The Certificate of Secondary Education (CSE) was a subject specific qualification family, awarded in both academic and vocational fields in England, Wales, and Northern Ireland. CSE examination were set in the years 1965 to 1987 inclusive. This qualification should not be confused with the Indian Certificate of Secondary Education which is the school leaving qualification in India. Also, in some African and former British colonial countries (such as, for example, Kenya) there is to this day a qualification named Certificate of Secondary Education based on the original and former British variant. Also, the CSE should not be confused with the African qualification CSEE (Certificate of Secondary Education Examination).
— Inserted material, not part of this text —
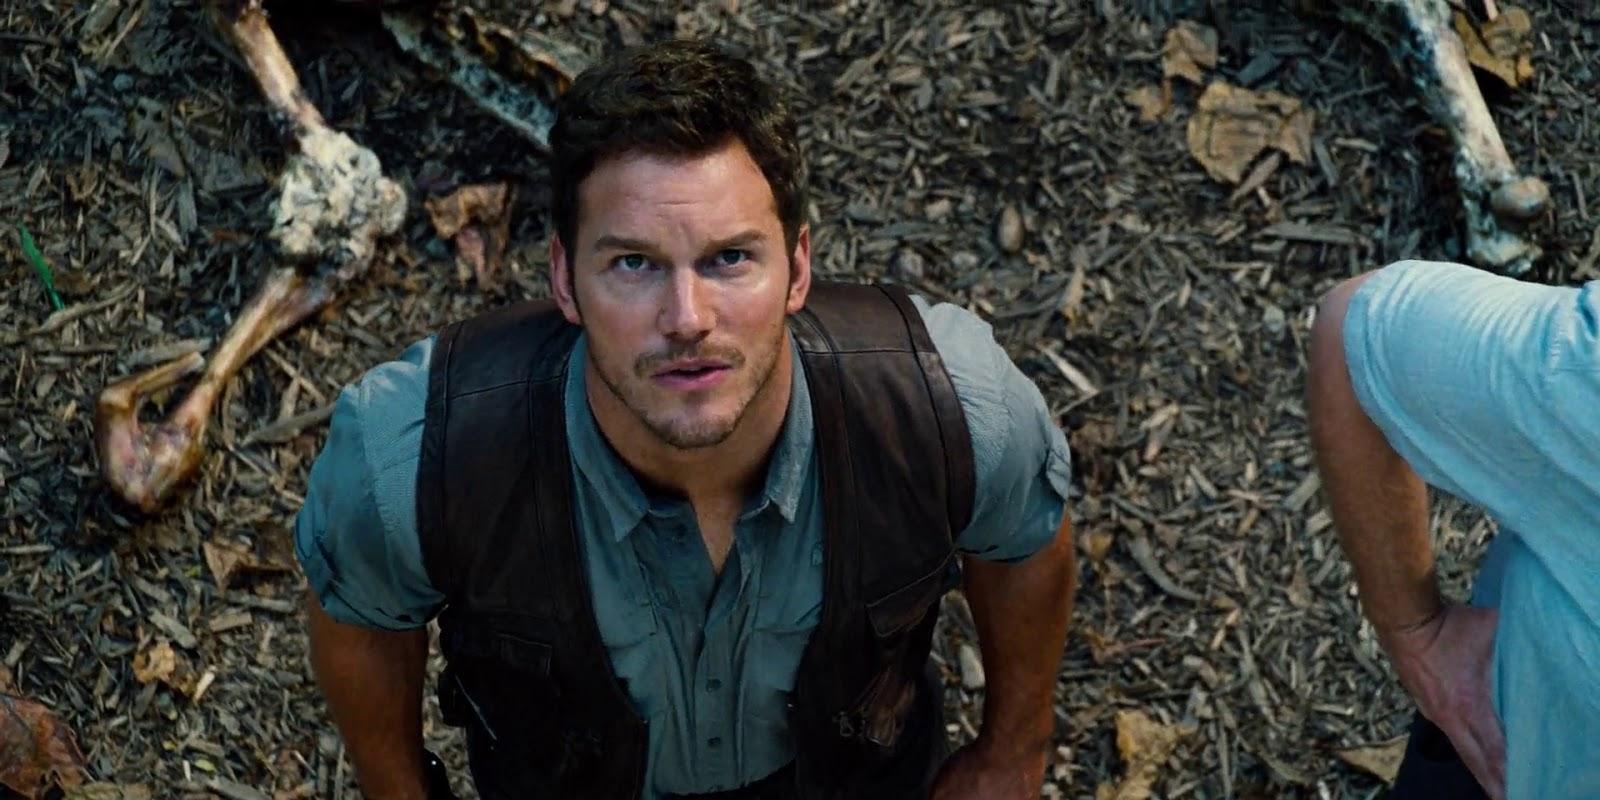 Jurassic World (2015) 3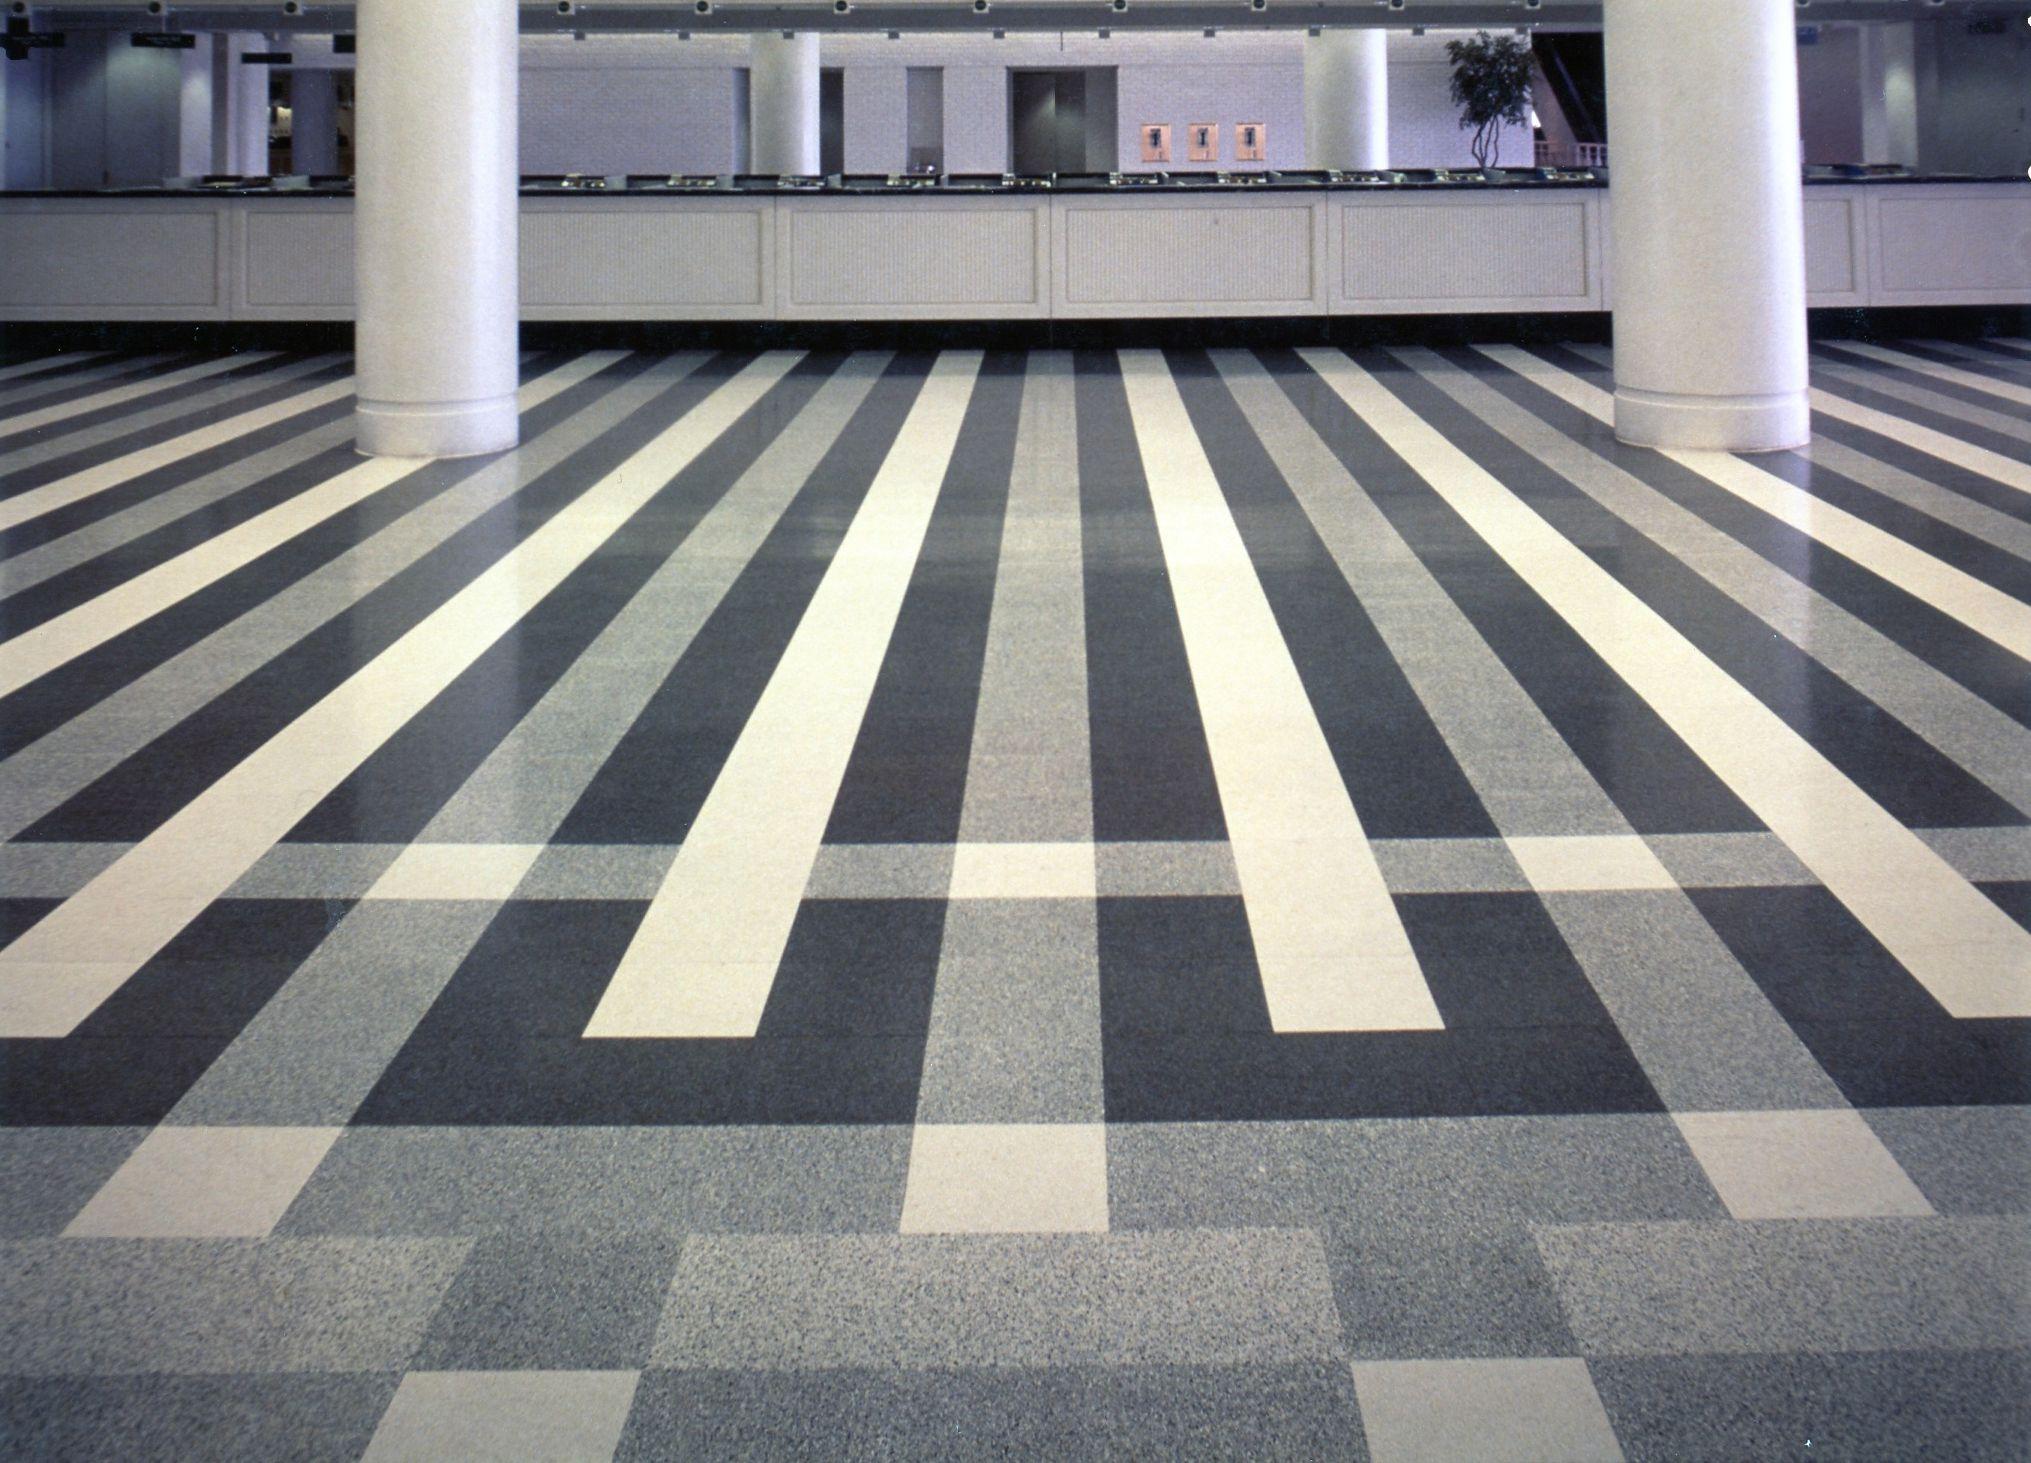 Fritztile terrazzo tile flooring cafeteria for High traffic flooring ideas

The 1960 Beloe Report was commissioned to look into a new exam which became the CSE.

The CSE was introduced to provide a set of qualifications available to a broader range of schoolchildren and distinct from the GCE (O-Levels), that were aimed at the academically more able pupils, mostly those at grammar and independent school (rather than secondary modern schools). CSE's were available in both academic and vocational subjects, incorporated controlled assessment, in addition to examination and when examined question were typically offered in a shorter and more structured form than those found on an equivalent O-Level paper.

Before the introduction of the CSE, the majority of schoolchildren at secondary modern schools did not take an externally set end of school examination, and so left school without any nationally recognised qualification. Though the introduction of the CSE did not, of itself, resolve the issue as the majority still left at the end of the fourth year without sitting an external qualification. By the late 1960s and early 1970s, some counties had introduced their own examinable qualifications for those leaving at the end of the fourth year. For example, the county of Monmouthshire in Wales awarded the Monmouthshire Certificate in Education.

The majority of secondary modern pupils continued to leave without qualifications until the raising of the school leaving age to 16, in 1973, made a fifth year of secondary education compulsory.